I am trying to figure out how to do “isCorrect” in such a way that cell(1,2) is not the same equation as in cell(1,1). Here is my coding so far:
#Correct response x+y=59685 or 5x+2.5y=270425
#creates lhs-rhs, so f(x,y)= x+y-59685 and g(x,y)=5x+2.5y-270425
f = parseEquation(this.cellContent(1,1)).differenceFunction(“x”,“y”)

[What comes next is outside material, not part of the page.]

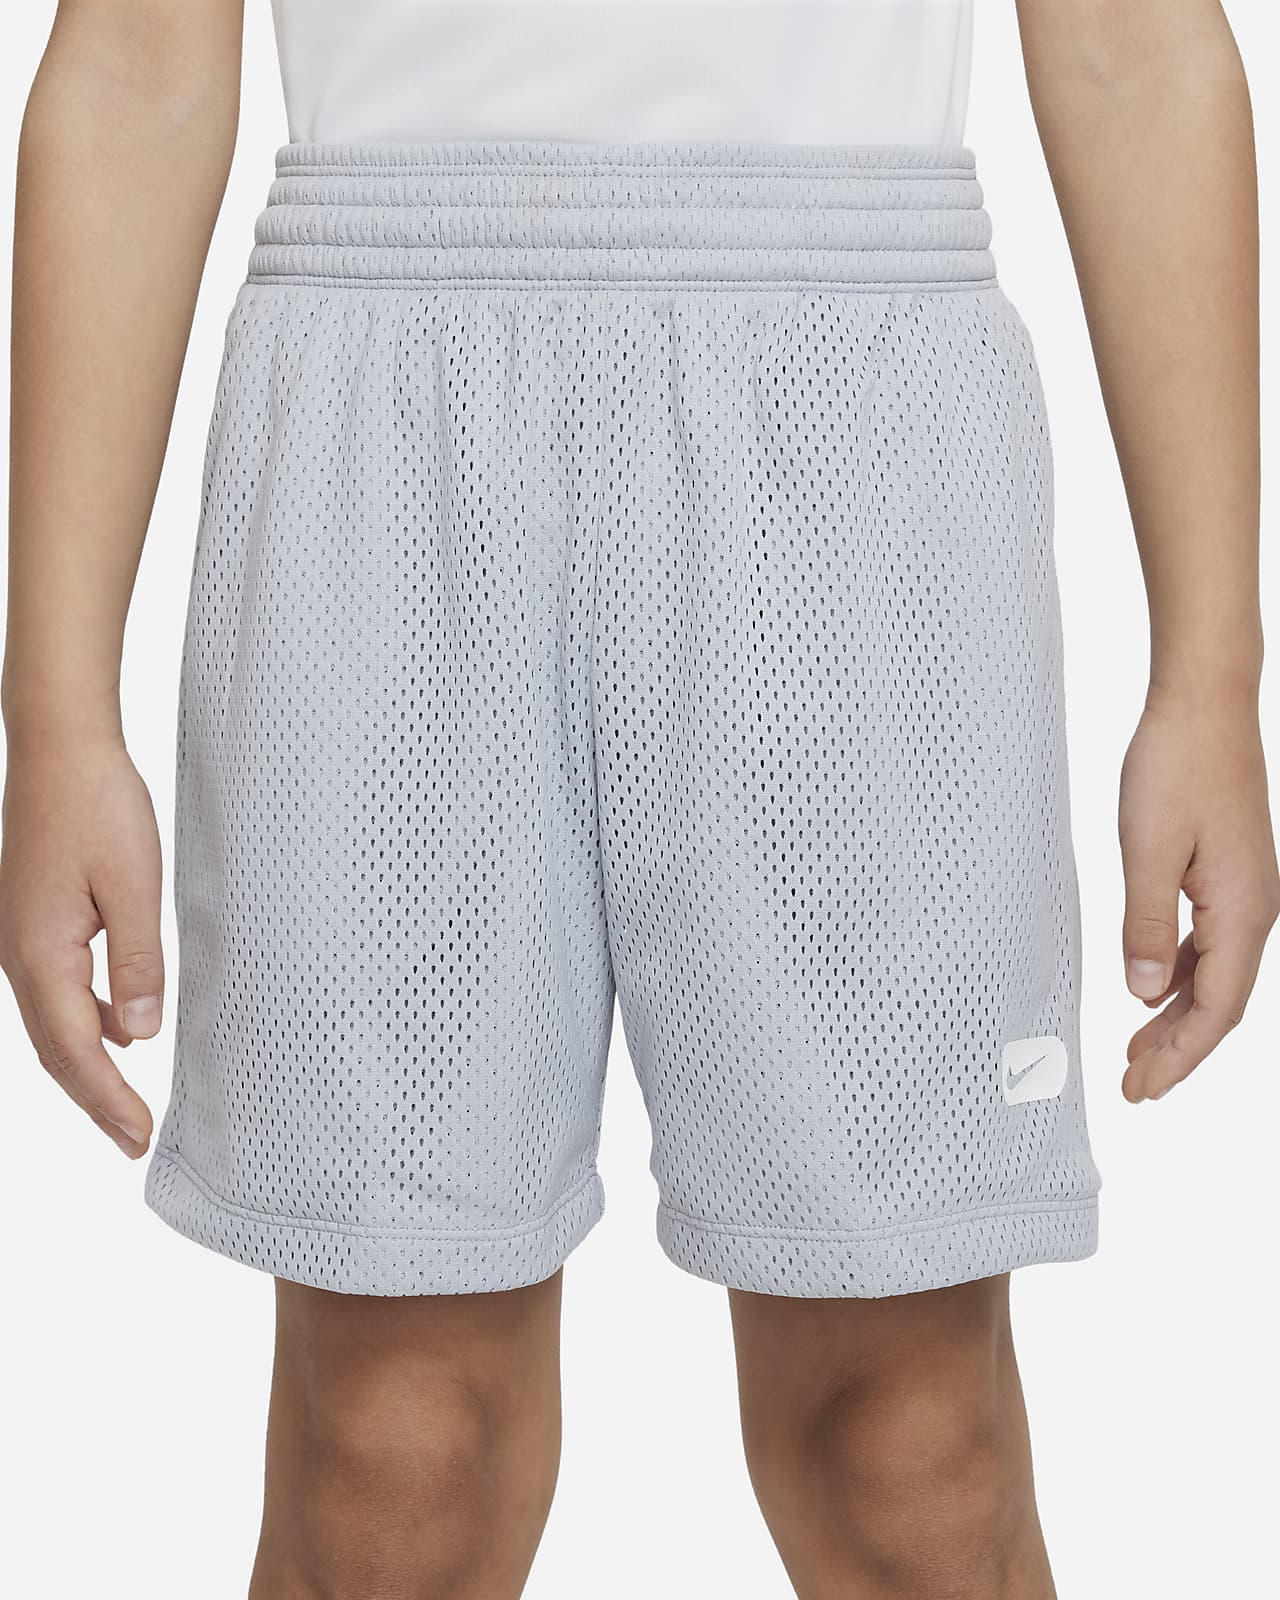 NIKE Dri-fit Boys'/girls' Running Training Short Shorts. Label Size: XL.  Black

g = parseEquation(this.cellContent(1,2)).differenceFunction(“x”,“y”)
#solutions should = 0
checkA = f.evaluateAt(59685,0)=0 and f.evaluateAt(0,59685)=0
checkB = f.evaluateAt(54085,0)=0 and f.evaluateAt(0,108170)=0
checkC = g.evaluateAt(59685,0)=0 and g.evaluateAt(0,59685)=0
checkD = g.evaluateAt(54085,0)=0 and g.evaluateAt(0,108170)=0
correct: (checkA and checkD) or (checkB and checkC)
isCorrect1 =
isCorrect2 =
Do I need to add some other coding before I get to isCorrect1 and isCorrect2? I’m wanting isCorrect1 to represent the entry in cell(1,1) and isCorrect2 to represent the entry in cell(1,2).